In an update posted today written by Ingenuity pilot Martin Cacan, he outlined the engineering team’s goal for the Mars’ helicopter’s next flight, its nineteenth.

This flight, which will take place no earlier than Friday, Jan. 7, takes the scout vehicle out of the South Séítah basin, across the dividing ridge, and up onto the main plateau. The precise landing target for Flight 19 is near the landing site of Flight 8. Images taken during Flight 9 by the rotorcraft’s high-resolution Return-To-Earth (RTE) camera were used to select a safe landing zone.

…Spanning 207 feet (63 meters), this flight will last about 100 seconds at a groundspeed of 2.2 mph (1 meter per second) and altitude of 33 feet (10 meters) while taking 9 new RTE images. The final act of the flight is to turn nearly 180 degrees to flip the RTE camera to a forward-facing orientation for future flights toward the river delta. [emphasis mine]

The green line in the map to the right indicates the exact path, going about 207 feet to the northeast.
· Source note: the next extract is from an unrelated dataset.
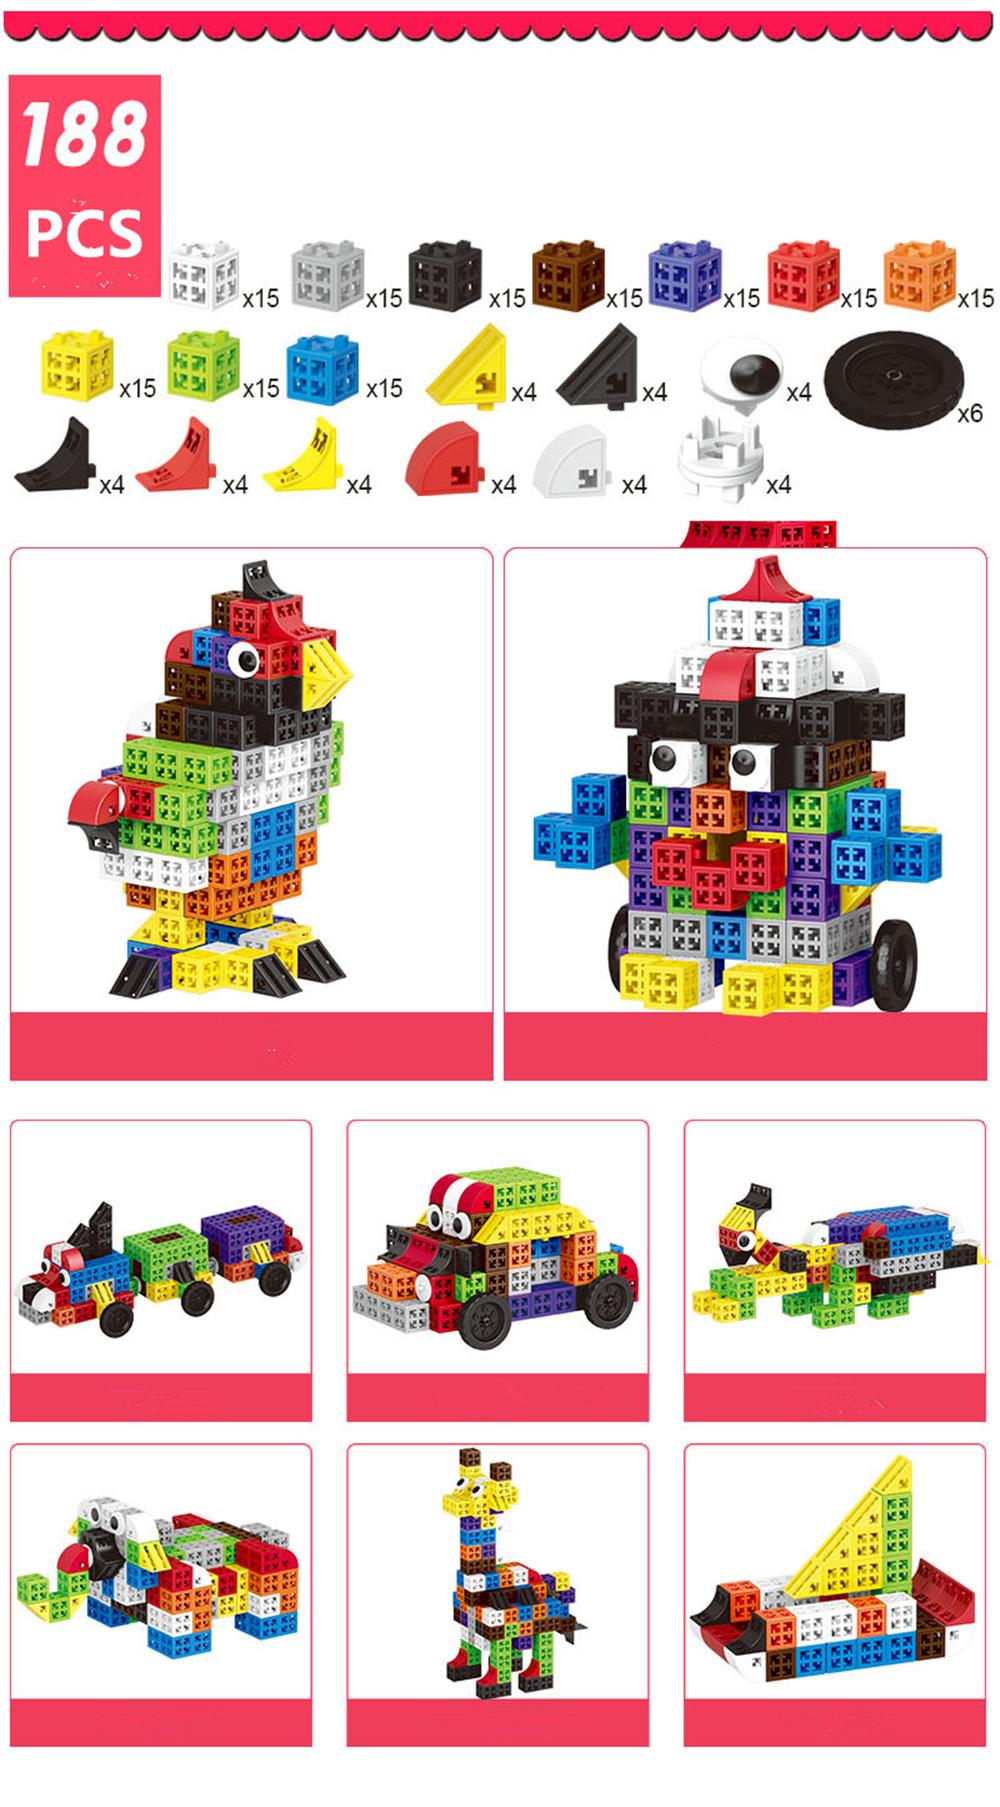 34/48/88/138/188pcs Blocks Cubes Unit Plastic Interlocking Construction Model Building Set of Early Educational Toys For Child 15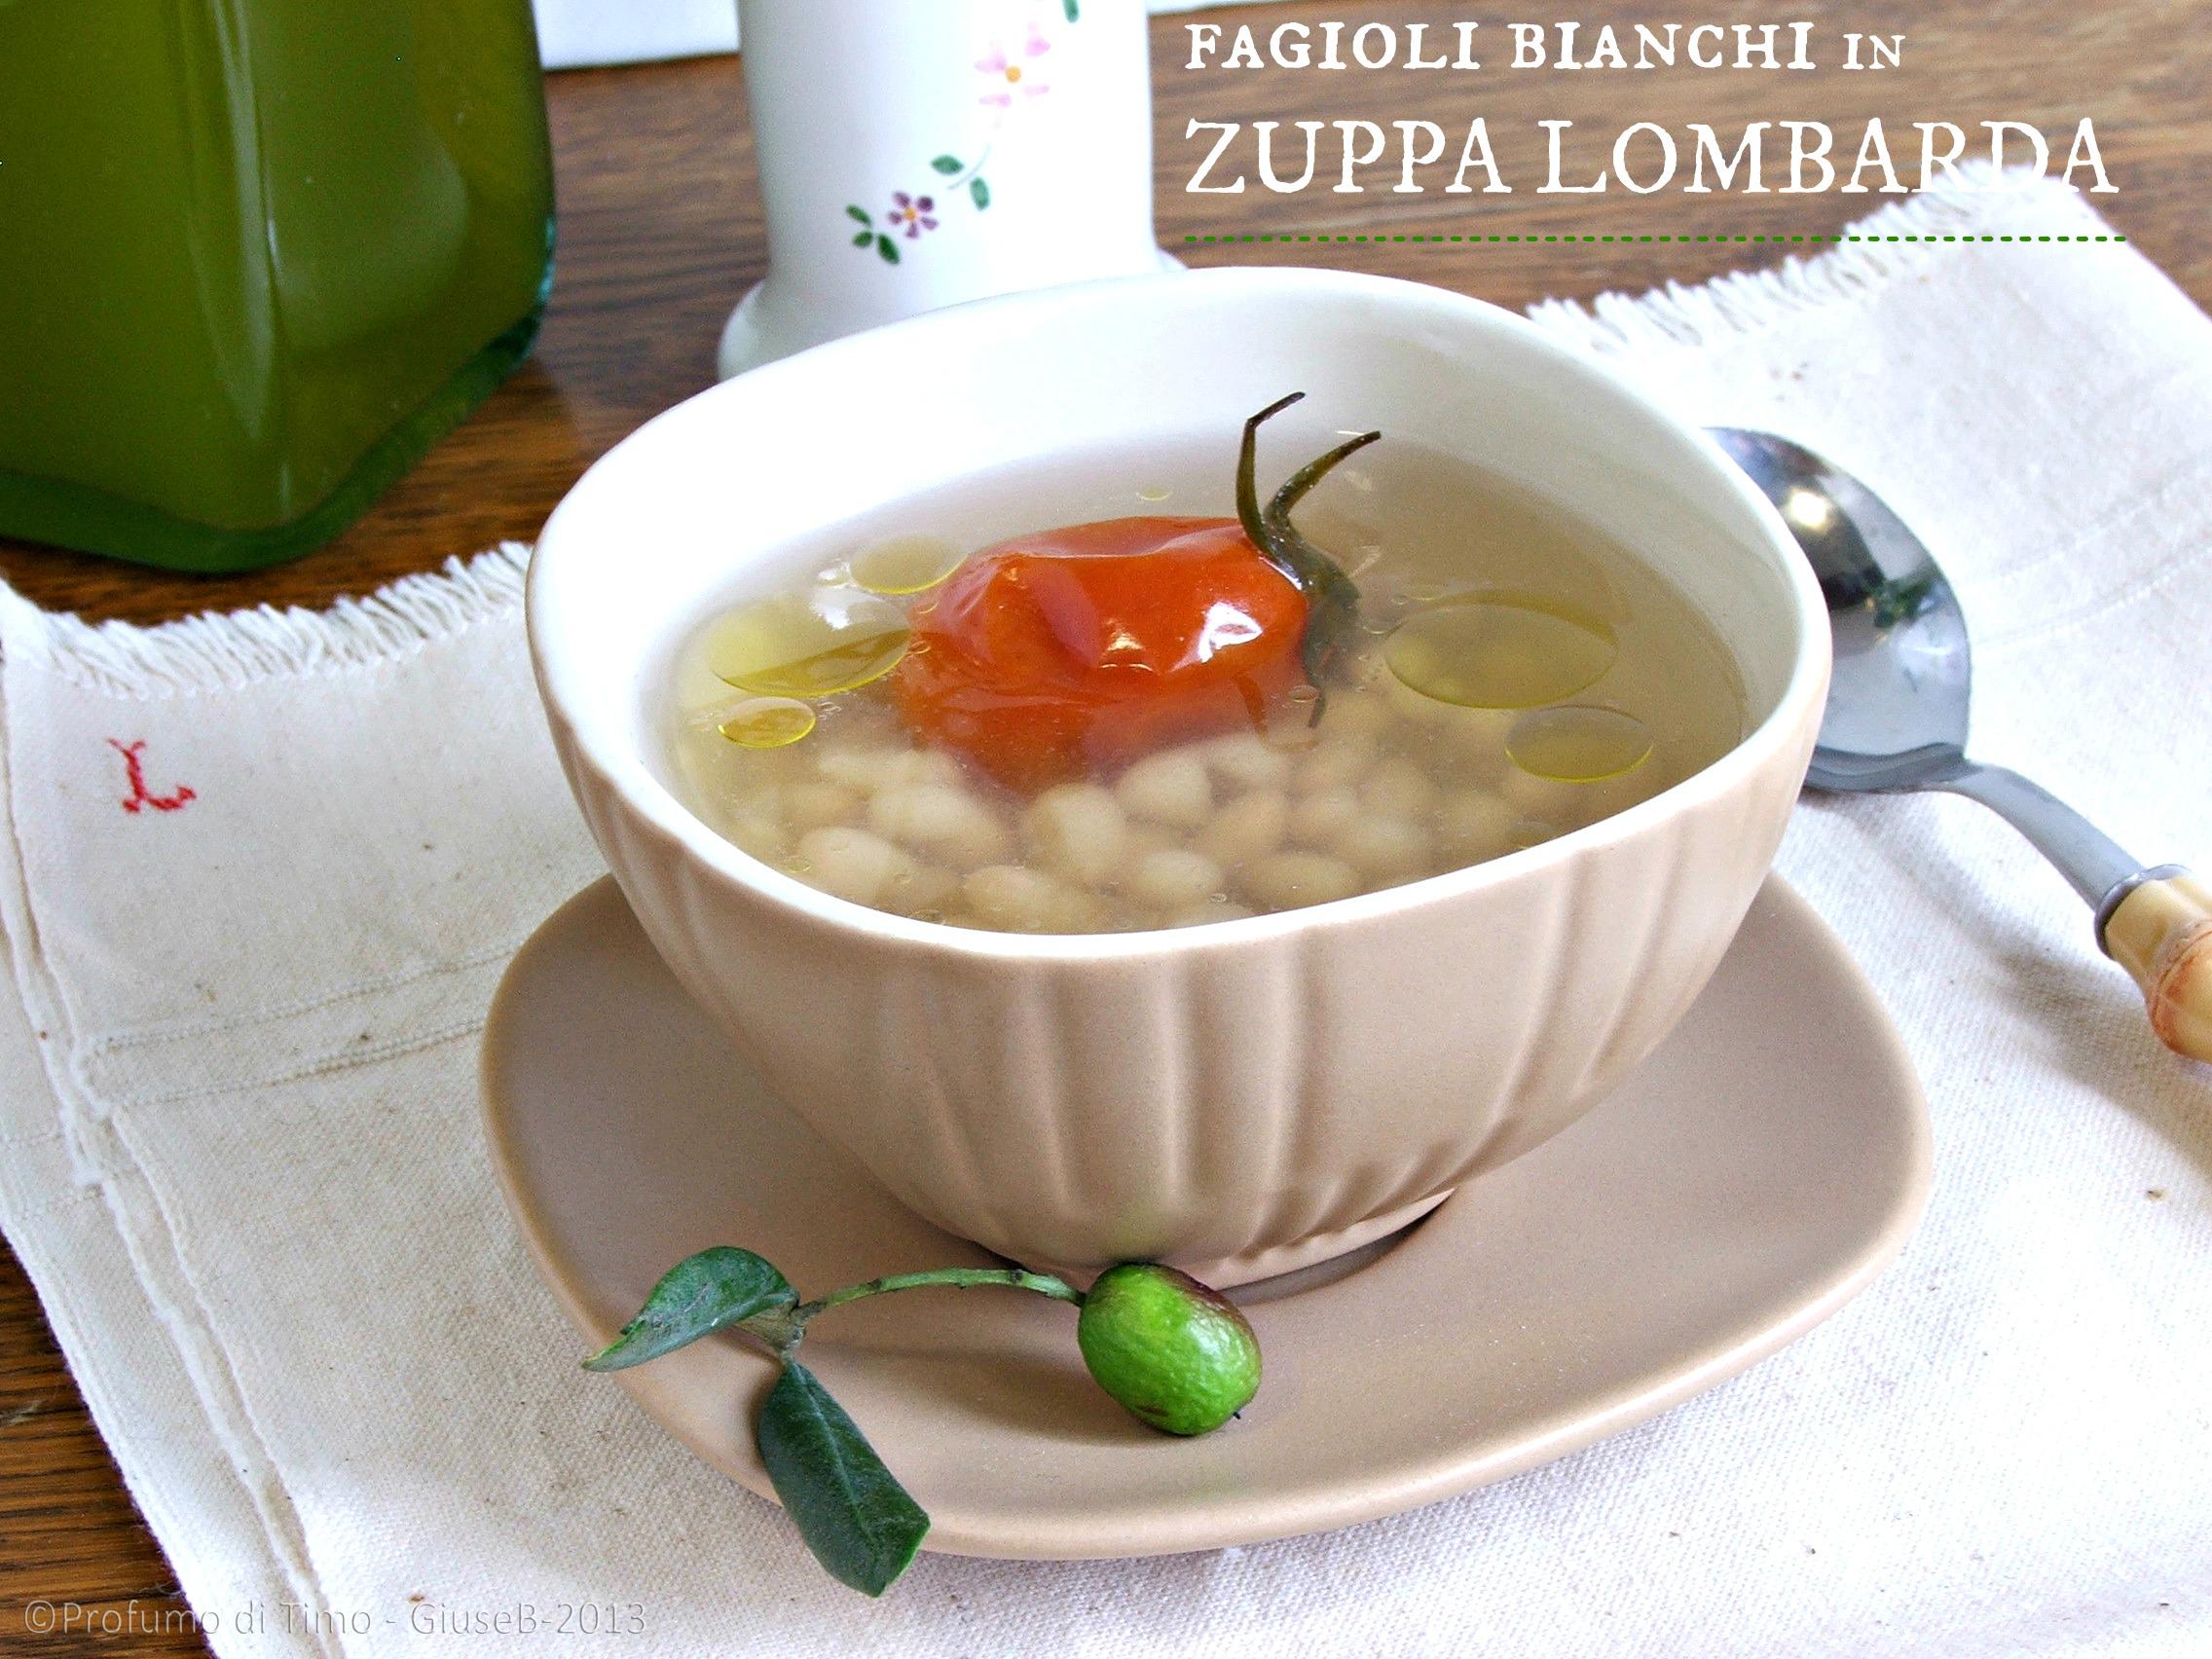 Fagioli bianchi in Zuppa lombarda

The red dot marks the location of Perseverance on December 8, 2021, the last time the Perseverance science team updated their map showing the rover’s travels.

The highlighted words are the most important. Cacan also said this in his update:

The current mission goal is to reach the Jezero river delta to aid the Perseverance rover in path planning and scientific discovery.

Assuming the helicopter continues to function correctly, their next flights will apparently be aimed towards the delta. Whether that path will follow the planned route marked by the dashed yellow line, or cut straight across, is not clear. If the latter, that implies they have revised Perseverance’s planned route so that it also cuts straight across from about the point of Ingenuity’s next landing site.

More likely Cacan was not speaking literally, and that the route Ingenuity will take to the delta will follow the planned route, around that crater to the northeast.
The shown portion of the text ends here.